Final Fantasy is a different beast than it used to be. The most recent game in the series, Final Fantasy XIII-2, is a game about a scantily clad schoolteacher and the fashionable last boy on Earth travelling through time, collecting monsters and new outfits, while trying to save a lady wearing a feather dress. In fairness, that description fits most games with the Final Fantasy name released over the last ten years, but there was a time when the series was known for high fantasy, beautiful artistry, stirring music, and coherent, memorable stories.
Crunge Products’ new iPhone game Borderwalker, out this week in Japan, was made by some of the people behind Final Fantasy’s best-loved entries.
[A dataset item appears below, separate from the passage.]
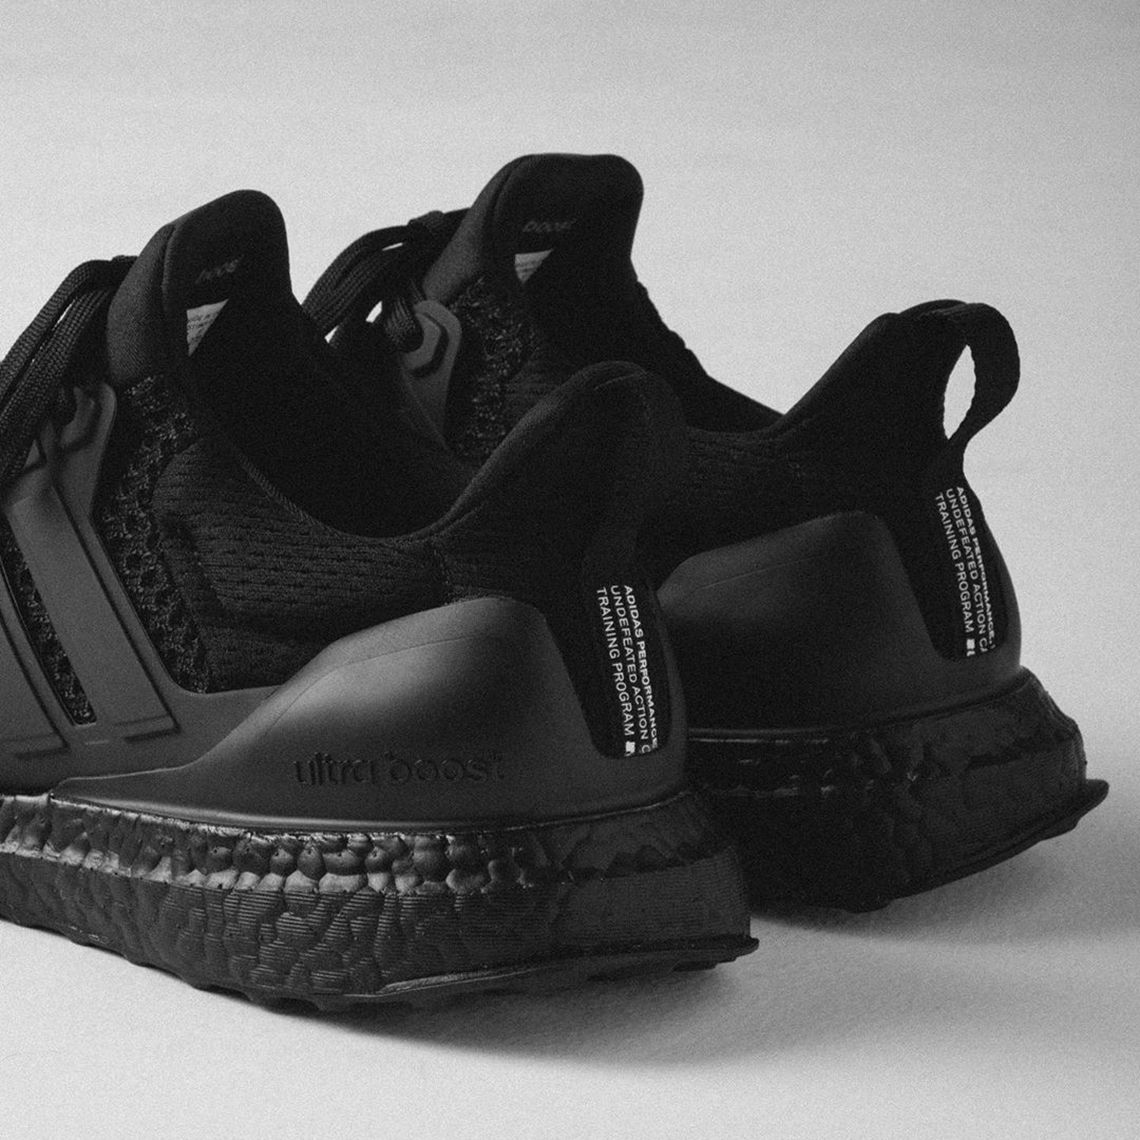 undefeated x adidas ultra boost triple black

Composer Nobuo Uematsu (Final Fantasy 1 through 10), Hideo Minaba (art director from Final Fantasy VI and IX), and Kazuhige Nojima (scenario writer of Final Fantasy VII and VIII) are behind Borderwalker, a role-playing game about a world that is divided into two halves, one where it is perpetually daytime and another where it’s always night. You play as a “borderwalker,” someone that can pass between the two realms.
The game isn’t the most visually thrilling iPhone game out there, with static, bland environments and still images of enemies in battles where you swipe the screen in different motions for spell attacks. The talent behind the game makes it worthy of at least a cursory glance. No word on whether the text-centric game will be released in English though.